Mental exercises toughen Ram for state/ Bremer eyes school record in 200
Tim Bergsten; The (Colorado Springs) Gazette, May 15, 1996
In the pool, Eli Bremer is something of a visual artist.
If he can see himself winning, he can feel it. And if he can feel it, he can do it, applying his swim strokes in his free and powerful way.
A senior at Lewis-Palmer, which has no swim team, Bremer competes for Rampart.
Last Saturday at the Metro League swim meet, Bremer set meet records in the 200- and 500-yard freestyle events, and swam the anchor leg on Rampart's record-setting 4x100 relay team.
But in his mind, he'd been there, done that. He knew his big day was coming.
"This whole season, every night, I've been lying down and watching myself race," Bremer said. "It puts me in a swimming mode, helps me focus in on what needs to be done. It really pays off. I hit the water and I'm there. I'm psyched for it."
This week, he's visualizing the boys state swimming and diving championships that begin with swimming prelims at 3 p.m. Friday at Edora Pool and Ice Center in Fort Collins. The meet continues at 9 a.m. Saturday with diving prelims.
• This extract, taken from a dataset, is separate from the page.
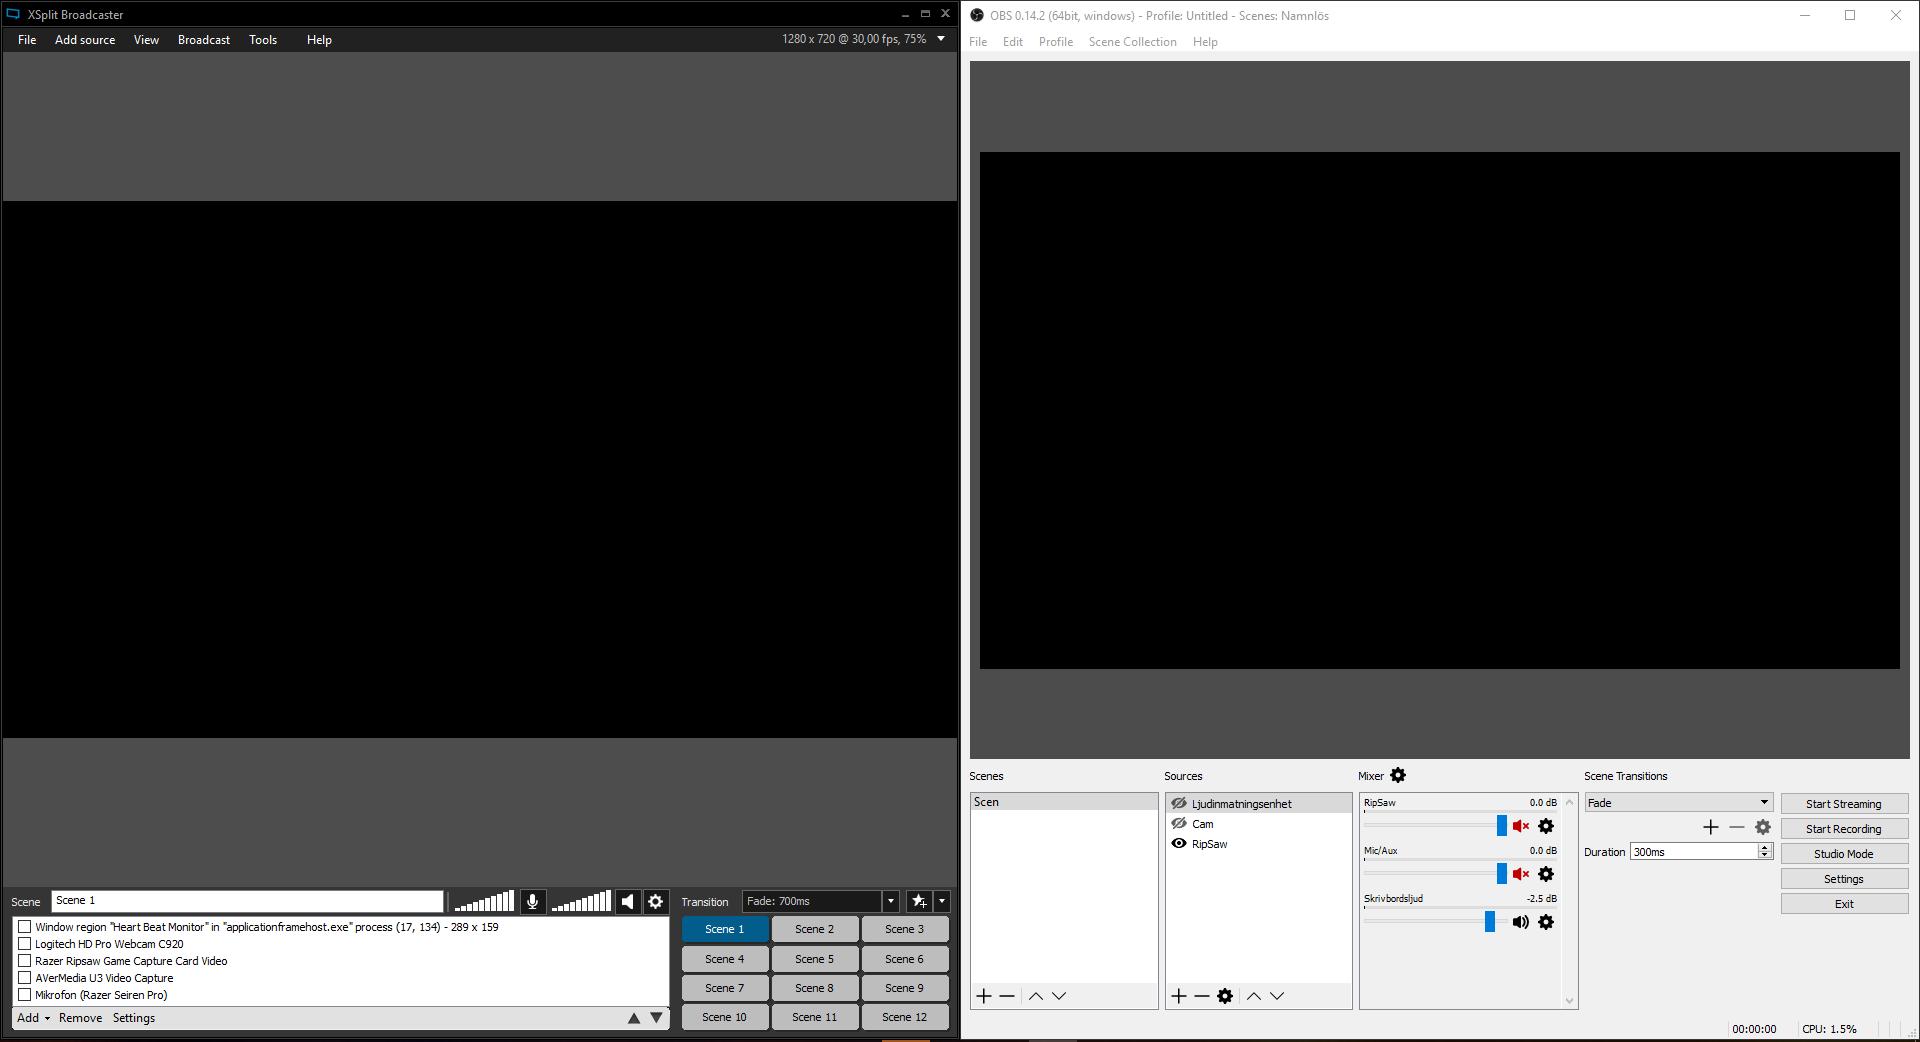 Här ser du OBS och XSplit sida vid sida

Finals for all events start at 3 p.m.
A respectable pentathlete, Bremer learned his mental trickery from Randall Rattan, a sports psychologist at the Olympic Training Center.
"I did eight weeks with him last year," Bremer said. "In the pentathlon, I had incredible results. It was all basic stuff I didn't know before, like how to correctly watch myself race before I actually do."
So with the thought in his mind, Bremer confidently led Rampart past a tough Air Academy team to claim the meet championship.
"The mental part is the biggest aspect," Bremer said. "Physically, everyone has gone all-out all season and everyone has good strokes."
He swam the 200 in 1 minute, 46.76 seconds at the league meet, and hopes to clip that time by another two seconds, which would be a school record and a junior national qualifying time.
He is seeded eighth for the state meet in the 200 and fifth in the 500, but could finish better, depending on which events other top swimmers choose.
Rampart's 400 free relay, including Josh Biedermann, Chuck Alonzo, Greg Woods and Bremer, has the fifth-fastest state qualifying time.